▶ ACTIVITY
Write out each line of the entries exactly, starting at the first and finishing with the line that contains "ZANDVOORT, NETHERLANDS - SEPTEMBER".

▶ DATA SHOWN
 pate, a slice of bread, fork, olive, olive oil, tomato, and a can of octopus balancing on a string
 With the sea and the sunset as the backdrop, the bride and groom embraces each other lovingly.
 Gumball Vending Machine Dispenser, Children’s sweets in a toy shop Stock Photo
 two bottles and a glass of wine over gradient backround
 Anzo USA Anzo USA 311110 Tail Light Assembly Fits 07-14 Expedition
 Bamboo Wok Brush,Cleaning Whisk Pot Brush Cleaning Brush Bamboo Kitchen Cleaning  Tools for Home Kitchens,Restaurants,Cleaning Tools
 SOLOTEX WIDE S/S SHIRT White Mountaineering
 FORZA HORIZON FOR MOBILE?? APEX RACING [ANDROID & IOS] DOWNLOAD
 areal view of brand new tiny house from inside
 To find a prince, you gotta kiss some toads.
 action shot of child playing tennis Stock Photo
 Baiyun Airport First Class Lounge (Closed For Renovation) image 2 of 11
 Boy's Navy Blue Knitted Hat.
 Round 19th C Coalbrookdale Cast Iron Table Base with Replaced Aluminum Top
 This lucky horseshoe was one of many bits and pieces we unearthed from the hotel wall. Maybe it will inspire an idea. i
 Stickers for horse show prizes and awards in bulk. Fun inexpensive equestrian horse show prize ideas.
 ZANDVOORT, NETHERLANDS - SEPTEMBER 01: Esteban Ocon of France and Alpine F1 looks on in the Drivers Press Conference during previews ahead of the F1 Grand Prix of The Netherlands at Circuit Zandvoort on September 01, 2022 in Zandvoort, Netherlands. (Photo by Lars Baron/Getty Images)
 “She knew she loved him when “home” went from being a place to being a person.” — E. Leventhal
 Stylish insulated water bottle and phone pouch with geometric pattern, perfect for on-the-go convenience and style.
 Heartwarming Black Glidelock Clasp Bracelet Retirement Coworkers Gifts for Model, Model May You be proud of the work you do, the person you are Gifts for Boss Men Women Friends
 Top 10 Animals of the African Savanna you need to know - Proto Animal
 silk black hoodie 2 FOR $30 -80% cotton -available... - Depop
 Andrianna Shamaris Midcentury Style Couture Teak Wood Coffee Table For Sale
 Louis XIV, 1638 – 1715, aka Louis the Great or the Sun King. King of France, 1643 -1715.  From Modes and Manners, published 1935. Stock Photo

▶ WRITTEN SOLUTION
 pate, a slice of bread, fork, olive, olive oil, tomato, and a can of octopus balancing on a string
 With the sea and the sunset as the backdrop, the bride and groom embraces each other lovingly.
 Gumball Vending Machine Dispenser, Children’s sweets in a toy shop Stock Photo
 two bottles and a glass of wine over gradient backround
 Anzo USA Anzo USA 311110 Tail Light Assembly Fits 07-14 Expedition
 Bamboo Wok Brush,Cleaning Whisk Pot Brush Cleaning Brush Bamboo Kitchen Cleaning  Tools for Home Kitchens,Restaurants,Cleaning Tools
 SOLOTEX WIDE S/S SHIRT White Mountaineering
 FORZA HORIZON FOR MOBILE?? APEX RACING [ANDROID & IOS] DOWNLOAD
 areal view of brand new tiny house from inside
 To find a prince, you gotta kiss some toads.
 action shot of child playing tennis Stock Photo
 Baiyun Airport First Class Lounge (Closed For Renovation) image 2 of 11
 Boy's Navy Blue Knitted Hat.
 Round 19th C Coalbrookdale Cast Iron Table Base with Replaced Aluminum Top
 This lucky horseshoe was one of many bits and pieces we unearthed from the hotel wall. Maybe it will inspire an idea. i
 Stickers for horse show prizes and awards in bulk. Fun inexpensive equestrian horse show prize ideas.
 ZANDVOORT, NETHERLANDS - SEPTEMBER 01: Esteban Ocon of France and Alpine F1 looks on in the Drivers Press Conference during previews ahead of the F1 Grand Prix of The Netherlands at Circuit Zandvoort on September 01, 2022 in Zandvoort, Netherlands. (Photo by Lars Baron/Getty Images)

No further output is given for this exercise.